The hands-on dlt tutorial — Loading Data Made Simple — walks through three progressively complex pipelines using the GitHub API: fetching an organization’s repositories, fetching commits from those repositories using dependent resources, and then adding incremental loading to only fetch new commits on subsequent runs.

This hub maps the concepts from that tutorial to individual garden notes, so you can go deep on any piece without re-reading the full article.

The Tutorial Progression

The tutorial is structured as a ladder. Each step adds one concept:

  1. Environment and project setup → First pipeline running locally against DuckDB
  2. REST API Source config → Understanding the client and resources blocks
  3. Dependent resources → Using one endpoint’s output to drive another
  4. Incremental loading → Fetching only new data on repeat runs

Following that order is the right way to read it if you’re new to dlt. If you already have a running pipeline and need to understand one specific piece, the notes below are self-contained.

Reading Path

dlt Environment Setup — The steps before any pipeline code: Python virtual environment, pip install "dlt[duckdb]", and dlt init rest_api duckdb. The dlt init command creates the project scaffold including the .dlt/ configuration directory, a starter pipeline file, and a pre-configured .gitignore that excludes secrets.toml. Read this first if you’re starting from zero.

dlt Core Concepts — Sources, resources, pipelines, and the three write dispositions (replace, append, merge). These are the vocabulary you need to understand everything else. The tutorial assumes this vocabulary without explaining it inline.
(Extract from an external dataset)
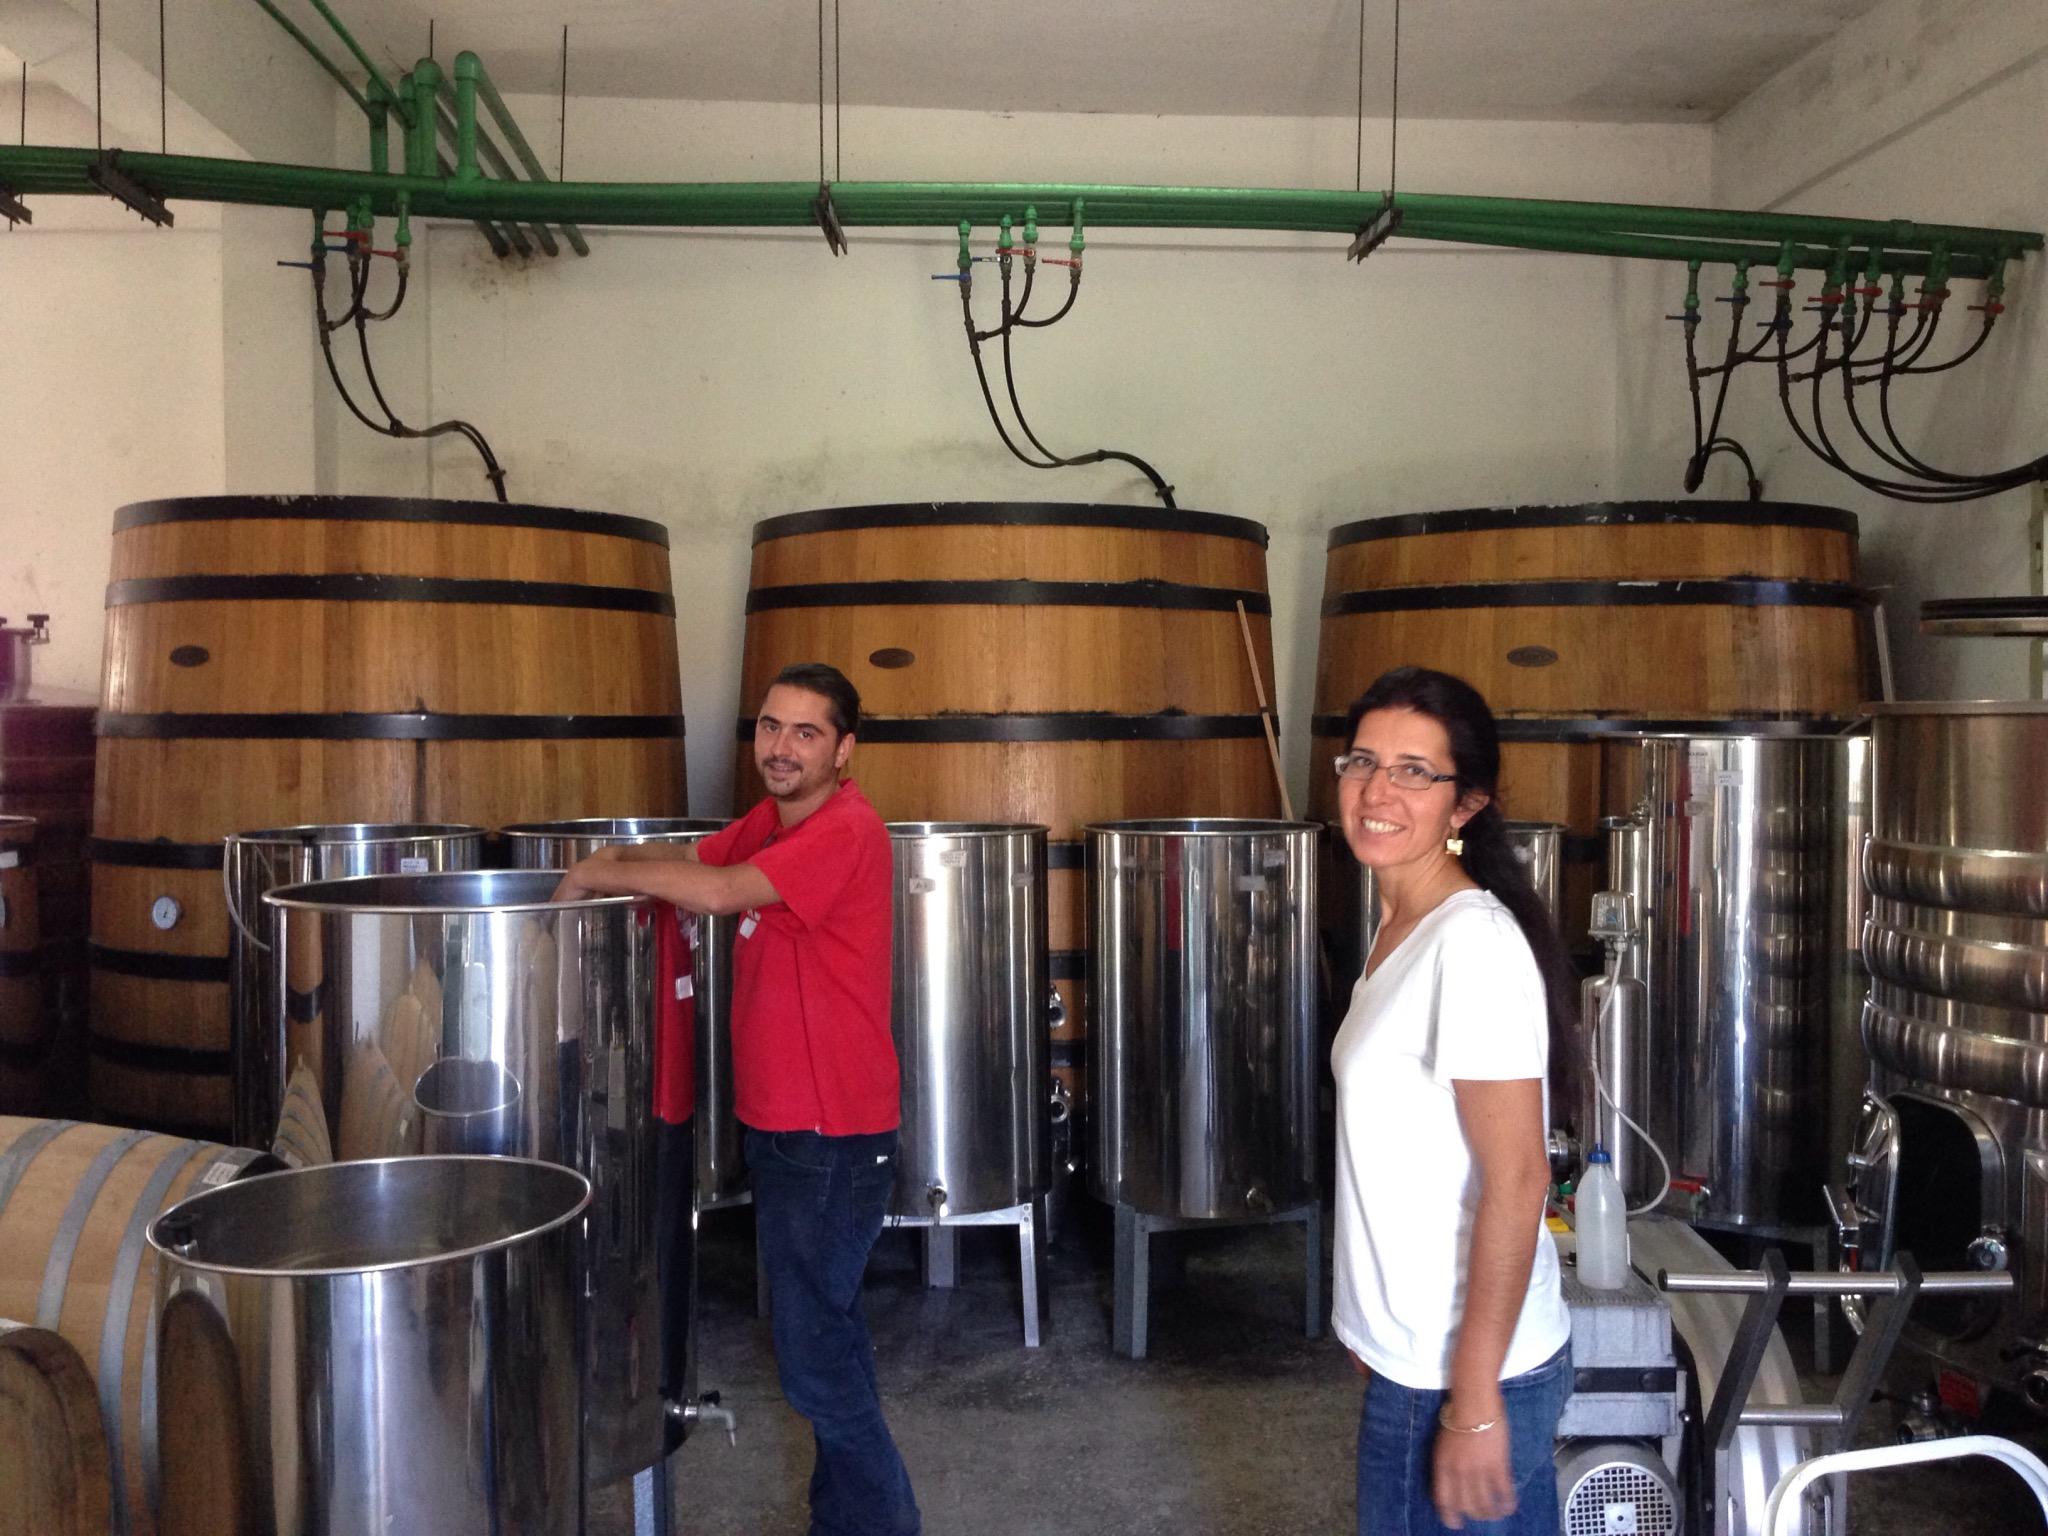 Winemakers Spyros Zoumboulis and Helena Alevra
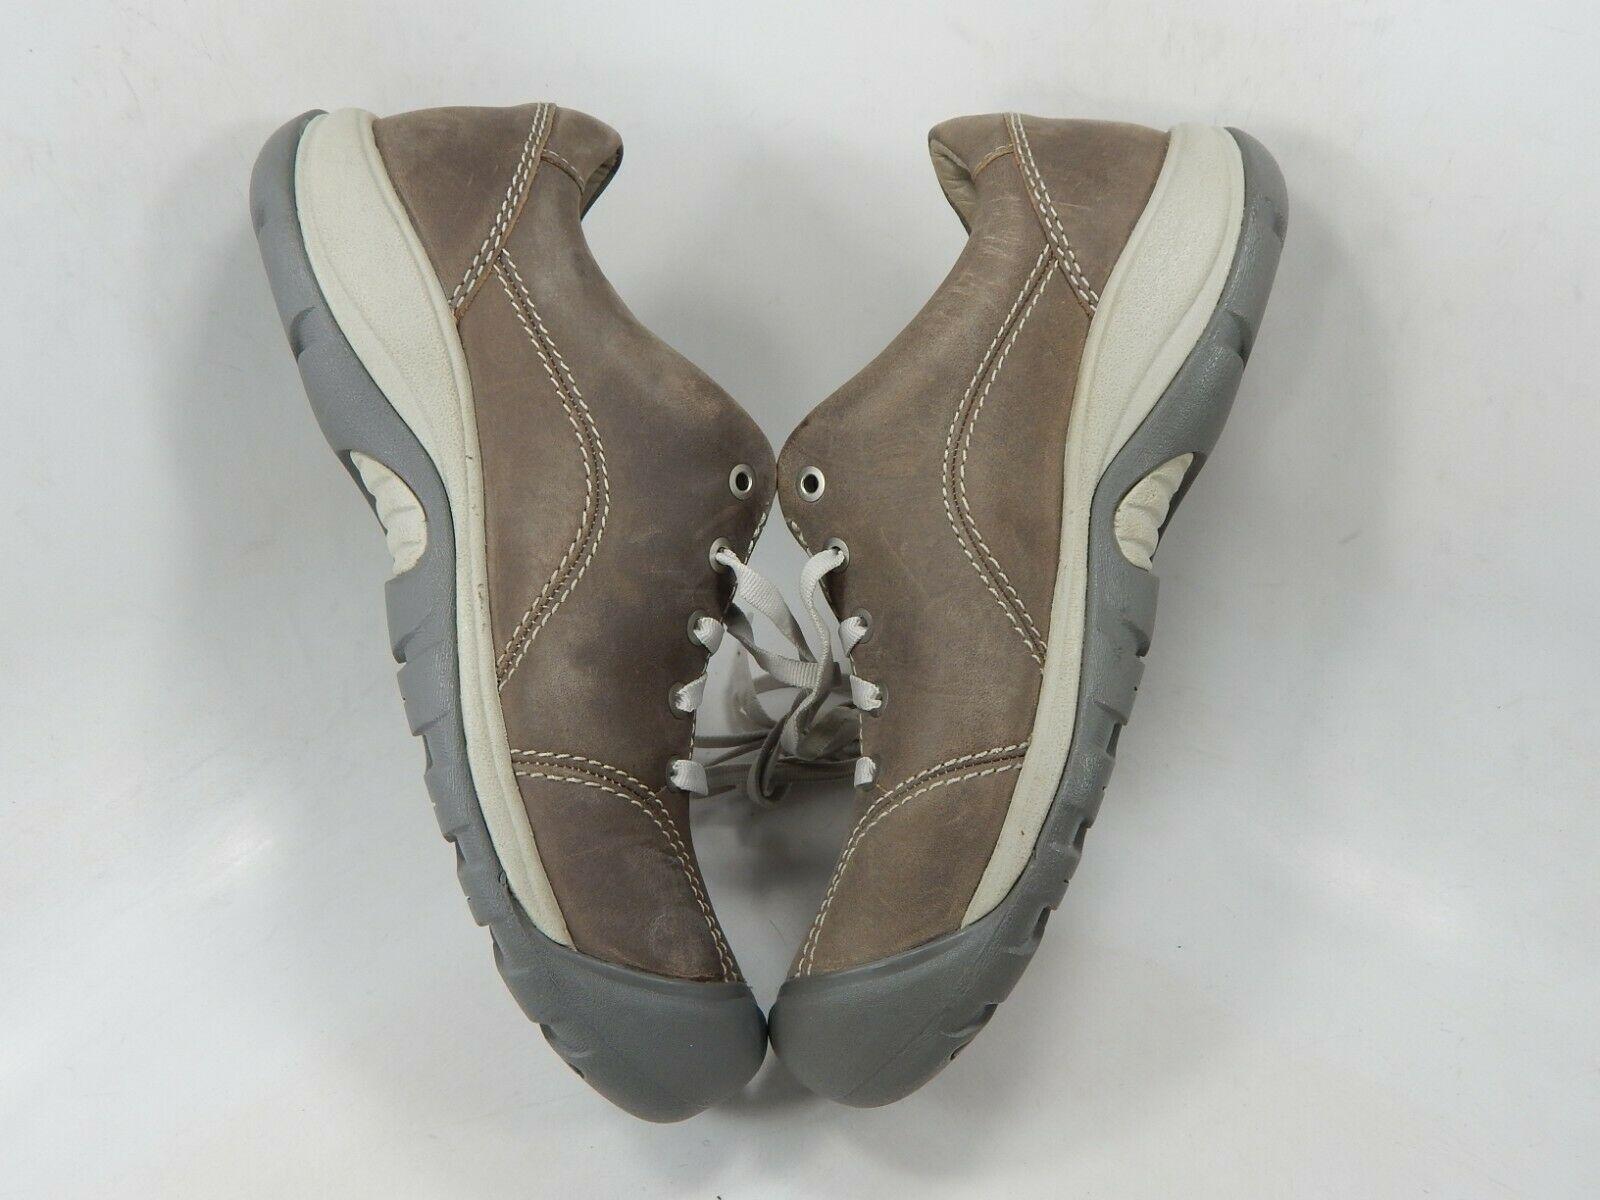 Keen Presidio II Misura 7 M (B) Eu 37.5 Donna Casual Oxford Shoes Paloma 1018316 image 7

dlt REST API Source Configuration — The declarative config dictionary: the client block (base URL, auth, pagination), the resources block (endpoint paths, names), and what dlt does automatically — pagination, schema inference, nested JSON normalization into parent-child tables, metadata table creation. Covers the GitHub repository pipeline from the tutorial in detail.

dlt Dependent Resources — The {resources.parent.field} path template syntax that lets one endpoint’s output drive another endpoint’s URL. The tutorial’s second pipeline — fetching commits for each repository — uses this pattern. This note covers why it exists, how it composes with incremental loading, and what to watch for at scale (rate limits multiply with parent record count).

dlt Incremental Loading — How dlt tracks pipeline state between runs using cursor-based loading. The declarative config for the REST API Source uses "type": "incremental" with a cursor_path and initial_value. State is stored in _dlt_pipeline_state in your destination — visible and queryable. This note also covers how dlt’s extraction-layer incrementality complements dbt’s transformation-layer incremental models downstream.

dlt Secrets Management — The .dlt/secrets.toml file for local development, environment variables for CI/CD, and the naming convention dlt uses (SOURCES__GITHUB__API_KEY maps to sources.github.api_key). This is mentioned throughout the tutorial but explained in detail here.

The Tutorial in One Diagram

GitHub API
├── /orgs/PokeAPI/repos ← pokeapi_repos resource
│ (fetches all repos, paginated)
└── /repos/PokeAPI/{name}/commits ← pokeapi_repos_commits resource
(dependent on pokeapi_repos)
(incremental: since=last_run_date)
DuckDB (local) → BigQuery (production)
├── github_data.pokeapi_repos
├── github_data.pokeapi_repos_commits
└── github_data._dlt_* (metadata tables)

What the Tutorial Doesn’t Cover

The tutorial is intentionally scoped to the REST API Source and DuckDB. It doesn’t cover:

  • RESTClient — The imperative alternative for complex auth or custom pagination. See dlt RESTClient vs REST API Source for the decision.
  • BigQuery as destination — Staging vs. streaming inserts, partitioning config, cost implications. Covered in the dlt Python-Native Data Loading hub.
  • Production deployment — Cloud Run, GitHub Actions, Airflow, Modal. Covered in Building Custom API Pipelines with dlt.
  • Testing — Schema validation, incremental state testing, DuckDB-local test patterns.

The tutorial’s value is in showing a working end-to-end pipeline with minimal setup. The notes above let you go deeper on any individual piece.